Внизу, в небольшой передней, я остановился. Тишина – ничто нигде не шевельнется, они отправились отдыхать, как и всегда, в обычный час, тетя наверняка разогнала всех по кроватям и укутала одеялами. Другое дело, что отдых их, по всей видимости, отдыхом не был, каждый у себя под одеялом перебирал канву пережитых событий. В кухне тоже тихо, только через щели из буфетной проглядывал свет, лакейчик чистил ботиночки, а на роже его я не заметил никаких следов переживаний, она была обыкновенная. Я осторожно проскользнул в буфетную, прикрыл дверь, приложил палец к губам и, соблюдая всяческие предосторожности, шепотом в самое ухо приступил к уговорам. Чтобы он прямо сейчас взял шапку, бросил все и пошел с нами, что в Варшаву едем. Кошмарная роль, я предпочел бы все что угодно этим уговорам, глупым, да вдобавок еще и шепотом. Тем более что он упирался. Я говорил, что господа его выгонят, что для него лучше всего сбежать куда-нибудь подальше, в Варшаву, с Ментусом, который даст ему на жизнь, – он не понимал, не мог понять.

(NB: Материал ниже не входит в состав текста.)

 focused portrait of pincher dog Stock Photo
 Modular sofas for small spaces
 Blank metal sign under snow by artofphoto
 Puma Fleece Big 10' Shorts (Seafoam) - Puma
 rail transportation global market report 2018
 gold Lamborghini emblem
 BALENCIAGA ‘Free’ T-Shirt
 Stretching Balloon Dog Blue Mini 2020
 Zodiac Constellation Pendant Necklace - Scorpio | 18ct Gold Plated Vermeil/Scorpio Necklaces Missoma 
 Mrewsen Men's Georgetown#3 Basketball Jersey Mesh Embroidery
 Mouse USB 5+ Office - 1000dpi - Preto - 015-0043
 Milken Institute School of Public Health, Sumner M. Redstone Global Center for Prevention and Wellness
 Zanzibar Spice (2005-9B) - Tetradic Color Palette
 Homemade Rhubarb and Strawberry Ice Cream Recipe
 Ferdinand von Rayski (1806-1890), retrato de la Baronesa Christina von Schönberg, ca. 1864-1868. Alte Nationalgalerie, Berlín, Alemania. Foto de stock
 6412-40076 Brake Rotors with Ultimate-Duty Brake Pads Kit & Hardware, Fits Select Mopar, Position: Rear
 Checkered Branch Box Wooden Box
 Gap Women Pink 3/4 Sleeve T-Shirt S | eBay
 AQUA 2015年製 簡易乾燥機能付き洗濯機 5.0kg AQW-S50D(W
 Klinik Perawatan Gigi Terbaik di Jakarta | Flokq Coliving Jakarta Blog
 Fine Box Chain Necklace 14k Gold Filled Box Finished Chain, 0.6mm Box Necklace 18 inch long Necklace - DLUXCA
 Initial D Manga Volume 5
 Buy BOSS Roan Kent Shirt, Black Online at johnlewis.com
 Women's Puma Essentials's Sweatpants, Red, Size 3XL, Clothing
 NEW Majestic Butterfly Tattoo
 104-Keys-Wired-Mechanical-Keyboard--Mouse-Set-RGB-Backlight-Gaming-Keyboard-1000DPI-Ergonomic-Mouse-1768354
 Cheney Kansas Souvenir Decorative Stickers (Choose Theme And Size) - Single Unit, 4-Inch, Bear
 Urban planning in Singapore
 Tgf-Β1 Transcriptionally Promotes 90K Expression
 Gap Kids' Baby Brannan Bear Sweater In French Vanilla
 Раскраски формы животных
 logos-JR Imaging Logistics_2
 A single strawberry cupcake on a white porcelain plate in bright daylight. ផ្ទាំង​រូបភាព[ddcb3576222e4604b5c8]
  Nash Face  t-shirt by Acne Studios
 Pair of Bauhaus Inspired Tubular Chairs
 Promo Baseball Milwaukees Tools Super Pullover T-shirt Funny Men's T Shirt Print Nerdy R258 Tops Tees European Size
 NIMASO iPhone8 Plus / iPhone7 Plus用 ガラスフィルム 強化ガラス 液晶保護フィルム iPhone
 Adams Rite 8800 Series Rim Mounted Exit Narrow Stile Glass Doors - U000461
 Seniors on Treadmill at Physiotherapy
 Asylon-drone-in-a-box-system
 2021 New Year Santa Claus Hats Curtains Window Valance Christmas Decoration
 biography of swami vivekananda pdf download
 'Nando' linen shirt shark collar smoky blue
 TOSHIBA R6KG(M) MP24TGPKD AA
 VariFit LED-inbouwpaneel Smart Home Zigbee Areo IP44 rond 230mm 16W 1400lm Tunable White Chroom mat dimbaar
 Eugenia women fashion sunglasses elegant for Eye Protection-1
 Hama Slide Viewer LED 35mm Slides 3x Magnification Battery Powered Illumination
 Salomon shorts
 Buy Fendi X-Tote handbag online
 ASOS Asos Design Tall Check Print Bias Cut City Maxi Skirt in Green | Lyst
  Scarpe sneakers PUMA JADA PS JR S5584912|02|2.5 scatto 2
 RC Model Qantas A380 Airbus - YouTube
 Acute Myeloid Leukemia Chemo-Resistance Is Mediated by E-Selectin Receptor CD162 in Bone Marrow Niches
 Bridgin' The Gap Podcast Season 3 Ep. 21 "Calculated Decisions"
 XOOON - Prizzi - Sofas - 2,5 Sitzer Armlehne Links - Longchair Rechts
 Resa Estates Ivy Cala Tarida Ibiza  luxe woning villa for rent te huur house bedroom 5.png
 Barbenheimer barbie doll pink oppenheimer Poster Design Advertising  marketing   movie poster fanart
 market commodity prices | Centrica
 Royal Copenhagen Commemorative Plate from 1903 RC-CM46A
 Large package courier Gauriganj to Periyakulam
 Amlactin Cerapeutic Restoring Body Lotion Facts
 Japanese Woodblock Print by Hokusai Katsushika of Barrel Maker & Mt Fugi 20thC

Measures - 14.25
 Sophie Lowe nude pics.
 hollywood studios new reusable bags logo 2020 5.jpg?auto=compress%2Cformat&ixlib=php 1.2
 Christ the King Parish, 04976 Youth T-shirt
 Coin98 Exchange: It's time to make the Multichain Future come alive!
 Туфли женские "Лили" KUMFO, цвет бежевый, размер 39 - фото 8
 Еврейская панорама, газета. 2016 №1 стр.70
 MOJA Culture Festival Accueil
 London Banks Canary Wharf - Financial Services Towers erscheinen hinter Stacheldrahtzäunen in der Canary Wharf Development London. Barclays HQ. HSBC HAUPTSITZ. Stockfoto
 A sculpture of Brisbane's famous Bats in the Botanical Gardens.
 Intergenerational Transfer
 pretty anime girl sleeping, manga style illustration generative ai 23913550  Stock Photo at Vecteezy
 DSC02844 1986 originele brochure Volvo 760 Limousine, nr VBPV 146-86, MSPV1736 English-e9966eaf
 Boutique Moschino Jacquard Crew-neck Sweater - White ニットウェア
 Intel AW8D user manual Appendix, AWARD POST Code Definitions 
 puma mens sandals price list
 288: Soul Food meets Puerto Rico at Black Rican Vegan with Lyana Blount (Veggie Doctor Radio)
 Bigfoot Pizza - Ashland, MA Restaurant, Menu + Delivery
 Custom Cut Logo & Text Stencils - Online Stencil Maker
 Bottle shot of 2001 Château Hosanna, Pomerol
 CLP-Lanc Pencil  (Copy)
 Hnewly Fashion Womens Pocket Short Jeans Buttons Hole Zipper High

– На что мне все это ваше убегание, – говорил он с инстинктивной неприязнью ко всяким господским выдумкам, и у меня опять сверкнула мысль, что Зося согласилась бы легче, с Зосей этот ночной шепот был бы не таким бессмысленным. Нехватка времени не располагала к долгим уговорам. Я треснул его по роже и приказал, тогда он послушался – но я треснул через тряпку. Через тряпку треснул его по щеке, мне пришлось приложить тряпку и по ней треснуть, чтобы избежать шума – о, о! – через тряпку ночью бил я по морде парня. Он послушался, хотя тряпка и вызвала у него некоторые сомнения, простонародье не любит отклонений от нормы.
– Идем, сволота, – прикрикнул я и вышел в переднюю, он за мной. Где лестница? Темно, хоть глаз выколи.
Где-то скрипнула дверь, и голос дяди спросил:
– Кто там?
Я быстро схватил лакейчика и втолкнул его в столовую. Мы притаились за дверью. Константин медленно приближался и вошел в комнату, прошествовал прямо рядом со мной.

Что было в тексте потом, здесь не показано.